Like Izzy, I care for my husband at home, (13 years on from diagnosis of Alzheimers' in our case.)
I think Izzy would agree that we (and others) are fortunate compared to some in that our spouses are easy-going, and placid, accepting of care and able to be looked after comparatively easily.
That's not to say it is not a 24/7 commitment, and neither is it any less heart-breaking to lose the support and companionship of a loved one, but when the person with dementia is less demanding it does make life easier and keeps open possibilities such as holidays, respite, moving home etc. that are unthinkable for many who have lived with the condition for far less time.
Reading some of the posts on here my heart goes out to those whose loved ones have challenging behaviours and disruptive sleep patterns, and I am grateful every single day that in our case this has not been so severe.

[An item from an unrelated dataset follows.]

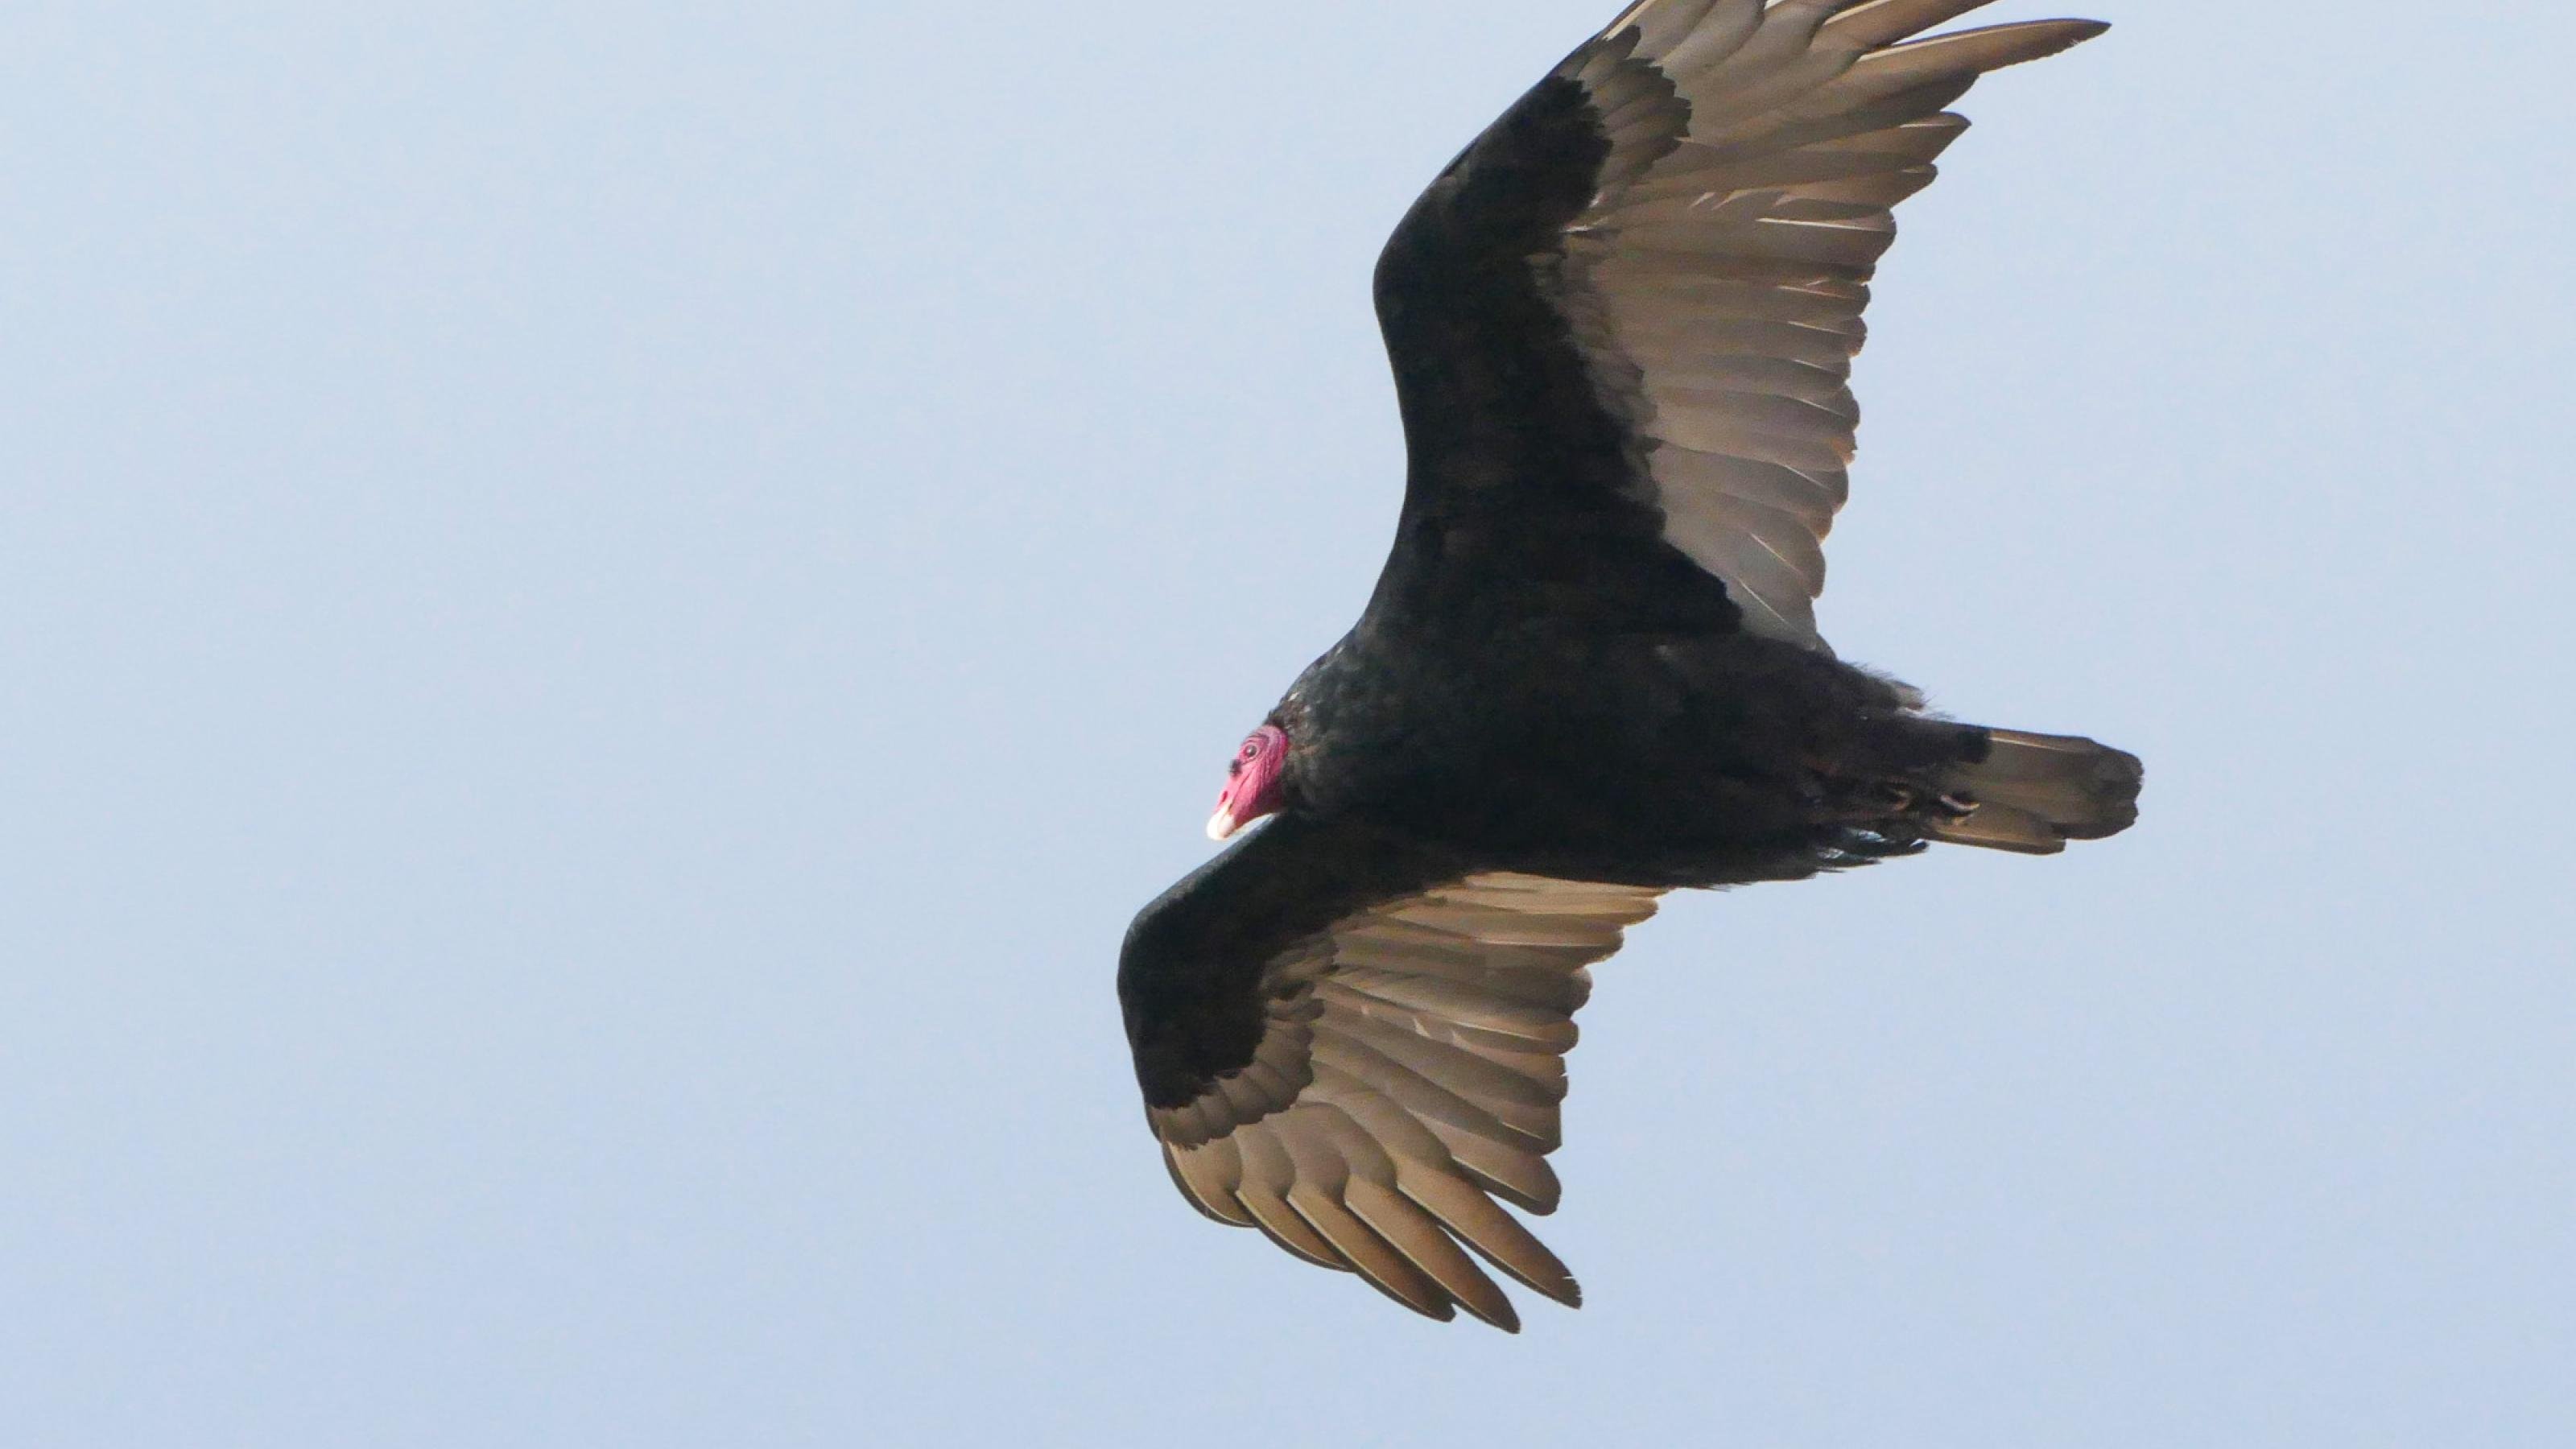 Ein großer schwarzer Vogel mit kahlem roten Kopf mit ausgebreiteten Flügeln vor hellblauem Himmel. Die hinteren Federn an den Flügeln und am Schwanz sind hellgrau.

I looked after John for nearly 12 years from diagnosis, but spent the last 2 years, sleeping on a 2 seater settee, opposite the kitchen door. I live in a bungalow, but that way, I was alerted when John switched the kitchen light on, and started his midnight "cooking". In his case, it meant lighting the burners and putting tea towels on them, followed by fires.
He would also wake me, several times, every night, and ask what time the plane was, if I was "with child", why were other people in his "ward" (his bedroom), and, of course, his favourite question "is it Thursday?". But his double incontinence and violence only became a problem in the last few months, whereas some poor folk on here have experienced both those in a relatively short time, since diagnosis.
I was also fortunate that I could afford to pay for a few hours at a Day Centre, every day except Sunday, which meant I could have a sleep. Without that little break, I don't think I'd have lasted the course.